Honestly it sounds like your husband is the one about relationships , marriage , and happy endings. You seem to only be about yourself which doesn't make a marriage or relationship. I bet your unhappiness is from something within yourself and nothing to do with him. 

I don't think running away from a marriage you partly caused will bring you any happiness because you don't understand why you even feel the way you do. 

I think you owe it to him to search within yourself to why your really unhappy. Your post doesn't say you have tried to do anything to change your situation other then you want to run away. Running is easy and normally gets you no where in the end.


----------



## OneMarriedGuy (Apr 5, 2010)

Careful thoughts - I'm not sure if wanting to be happy yourself really constitutes being selfish...

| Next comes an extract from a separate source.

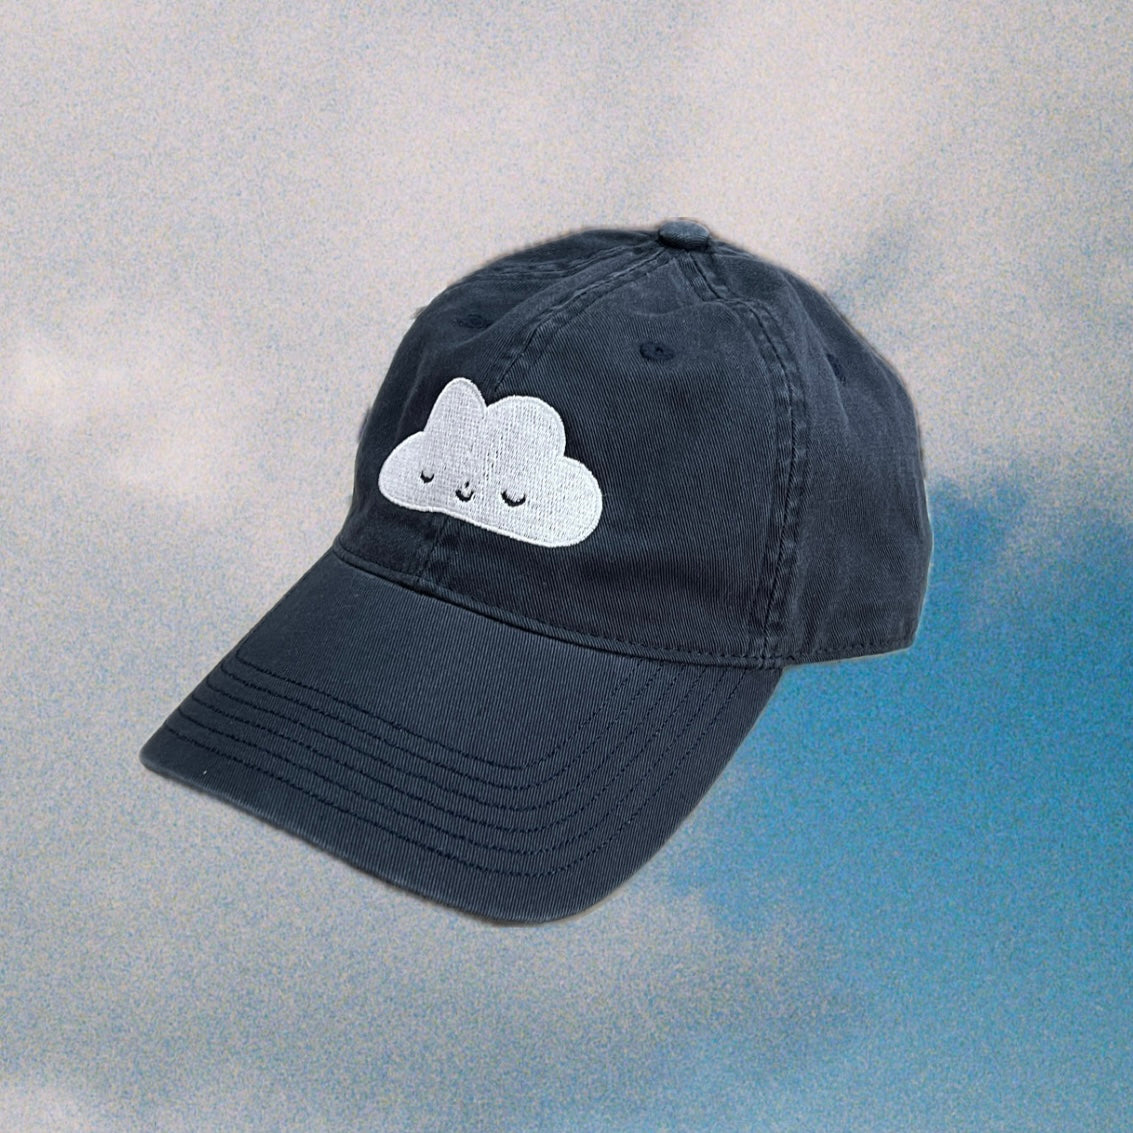 The Cloud Cap!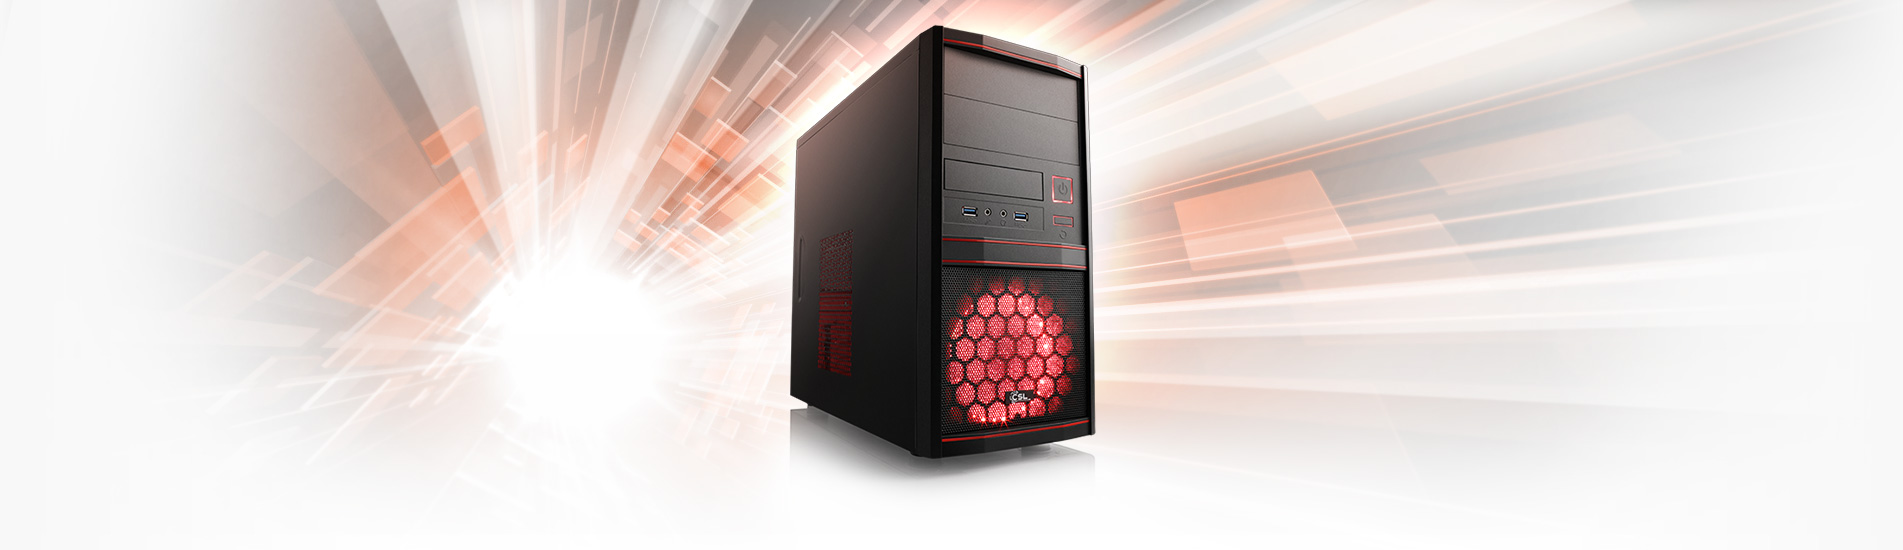 Ein starker AMD Ryzen™ 5 PC mit 16 GB RAM für Office, 4K-Multimedia und eSports-Gaming in Full HD.

Me thinks you both need to reconnect. Women are better relationship barometers than guys. Guys may wish things were better but just figure they are OK and that is that way things are.

You may find your husband feels a bit the same way as you do. You may just need to listen to each other more, go out on date.s "You never take me out" is not maybe the best way to approach this  - maybe make a date and tell him you picked it out because you wanted to spend more time with him.

Going to counseling doesn't mean there is something wrong with you, it means you want to make your situation better. I've certainly spent moneey on worse things


----------



## turnera (Jan 22, 2010)

How many hours each week do you spend together doing non-kid, non-work things? To stay in love, you have to act like you're in love - go on dates, talk to each other, share interests, do new things together...generally just 'feel good' together. If you aren't doing this, of course you will feel out of love.

It takes work. 

But just leaving this marriage won't fix that. You'll fall 'out of love' with the next guy, too, if you don't put some work into it.

Question: What has changed in the last 6 months? Are you taking a class? New job? New thing for the kids you're going to? What's changed?


----------